__TASK__
The answer should hold only the lines from the one containing "Rarity Pony Twilight" through the one containing "K2 Survivor Down" in the entries below, copied exactly, without pictures.

__PROVIDED INFORMATION__
━━━━
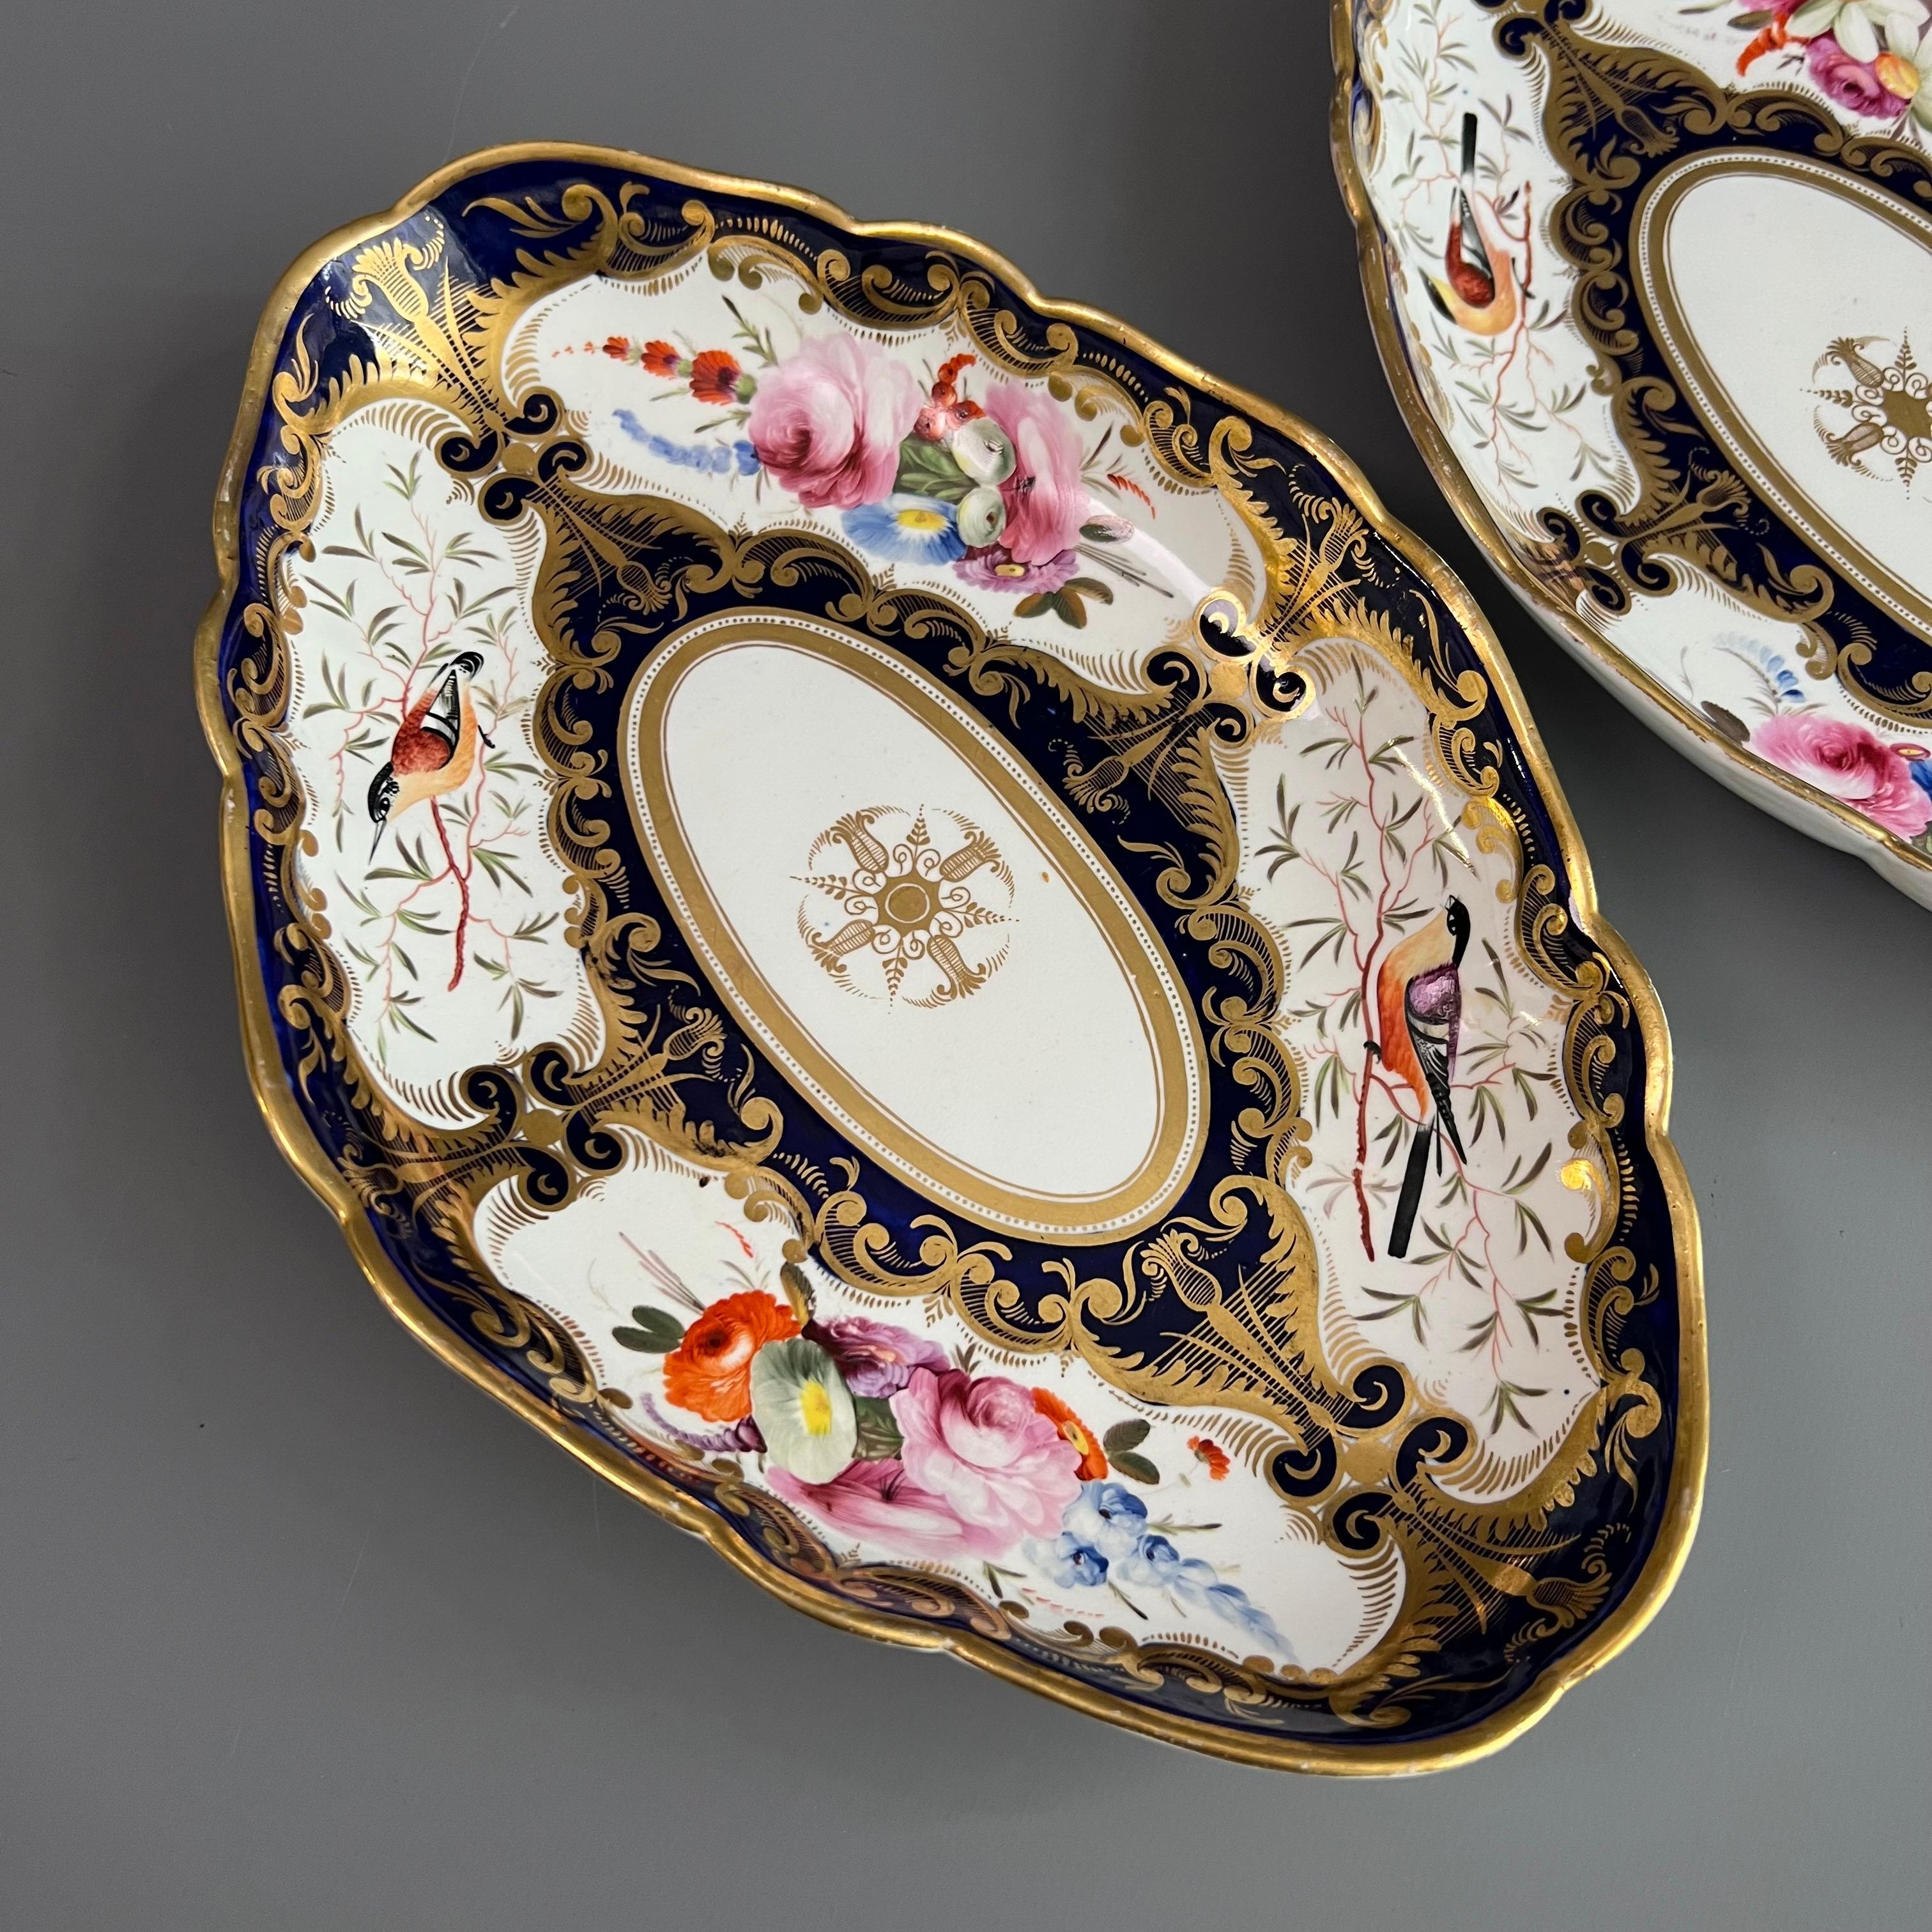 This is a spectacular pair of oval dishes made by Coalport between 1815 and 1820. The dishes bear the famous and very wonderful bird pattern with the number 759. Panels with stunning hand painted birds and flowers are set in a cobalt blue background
━━━━
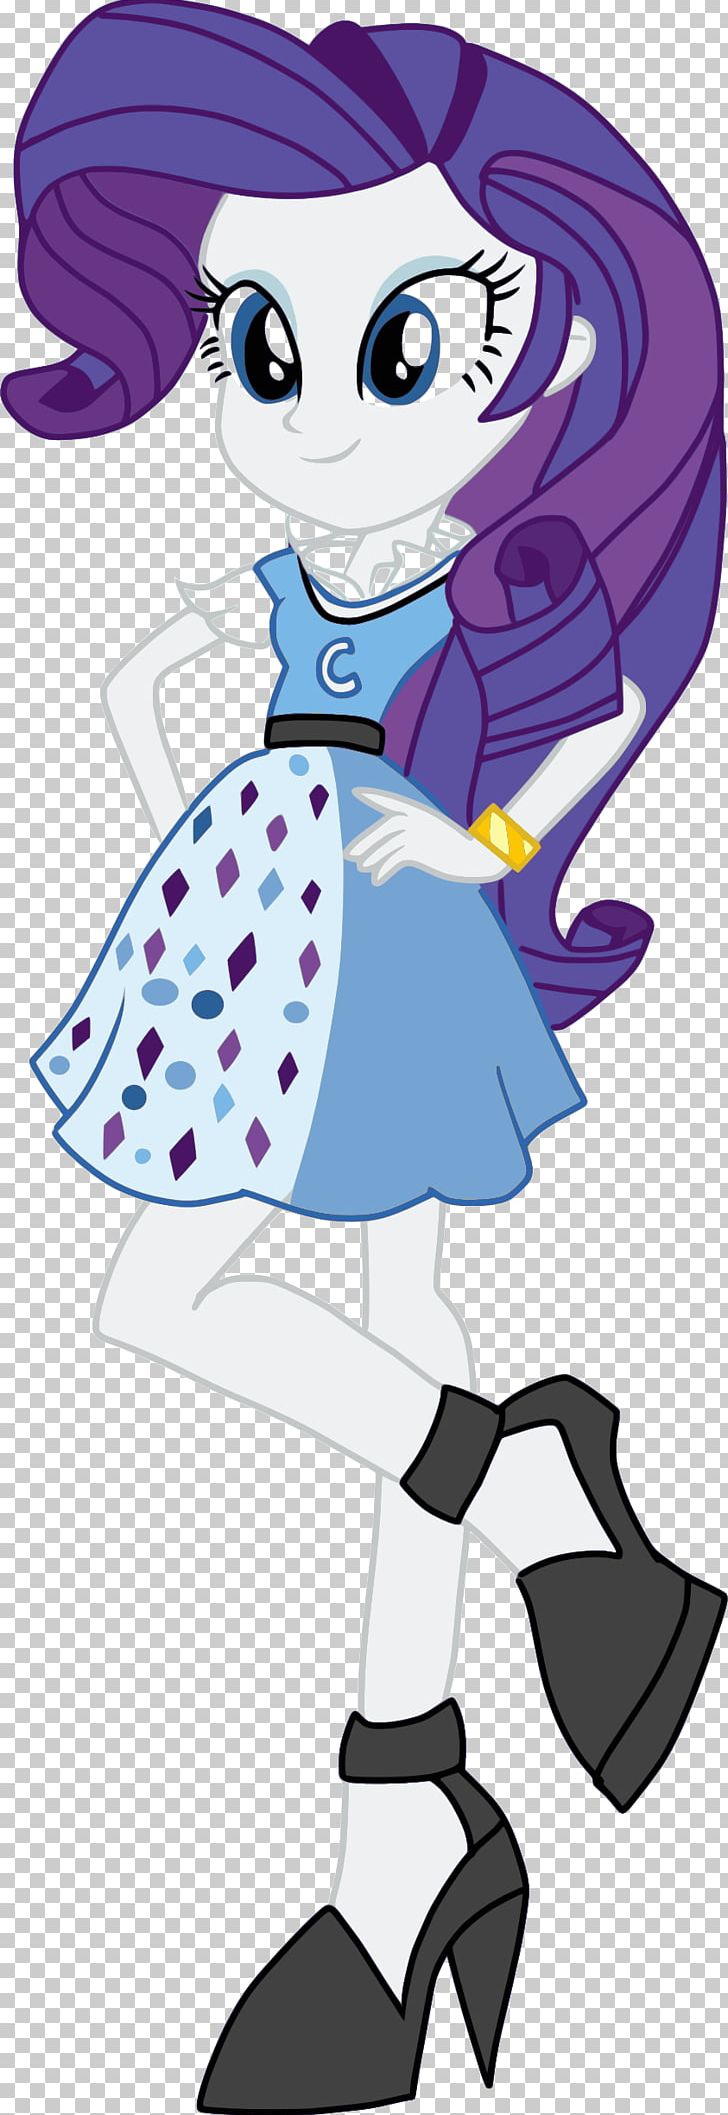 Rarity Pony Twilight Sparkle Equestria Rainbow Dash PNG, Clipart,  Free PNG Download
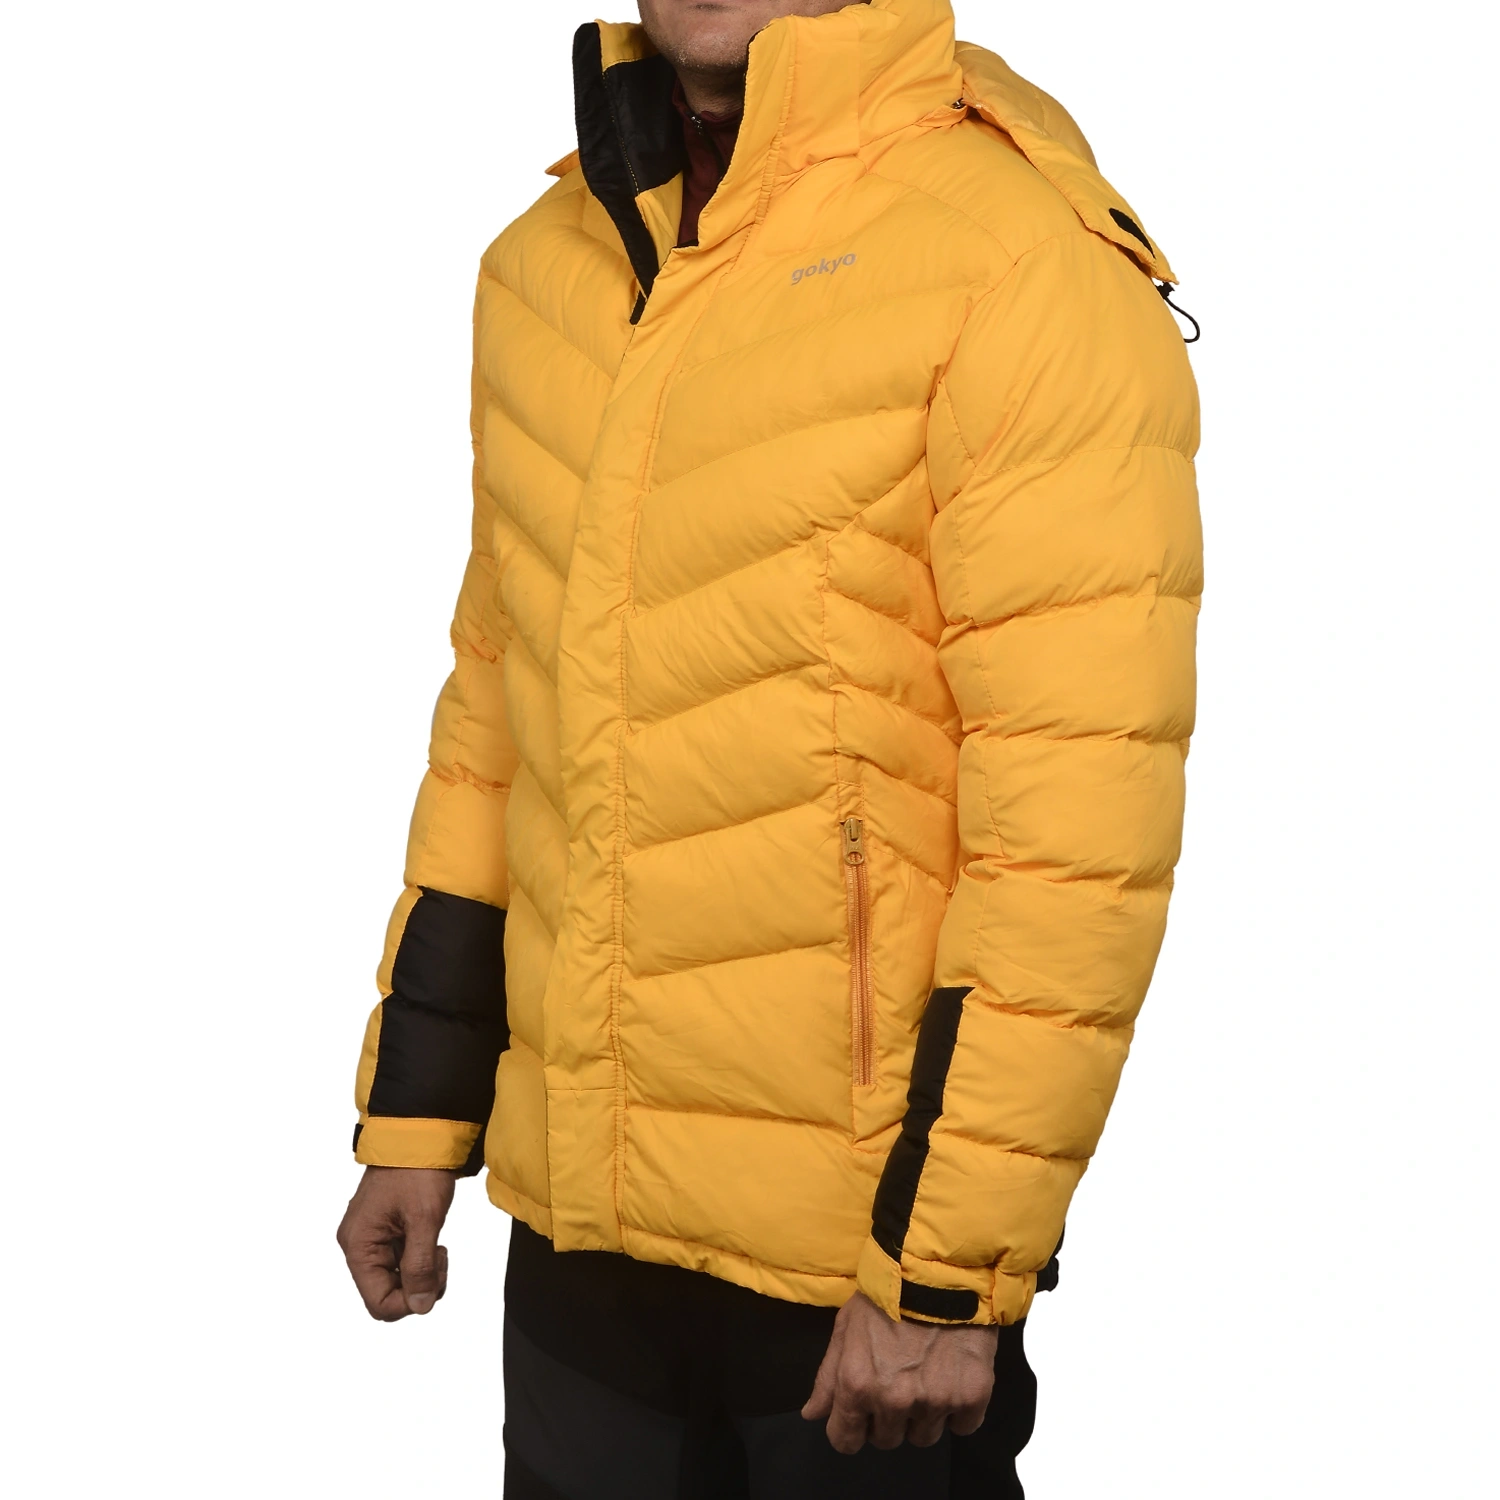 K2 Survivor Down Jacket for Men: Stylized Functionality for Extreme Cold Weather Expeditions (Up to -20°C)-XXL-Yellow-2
━━━━
__TASK SOLUTION__
 Rarity Pony Twilight Sparkle Equestria Rainbow Dash PNG, Clipart,  Free PNG Download
 K2 Survivor Down Jacket for Men: Stylized Functionality for Extreme Cold Weather Expeditions (Up to -20°C)-XXL-Yellow-2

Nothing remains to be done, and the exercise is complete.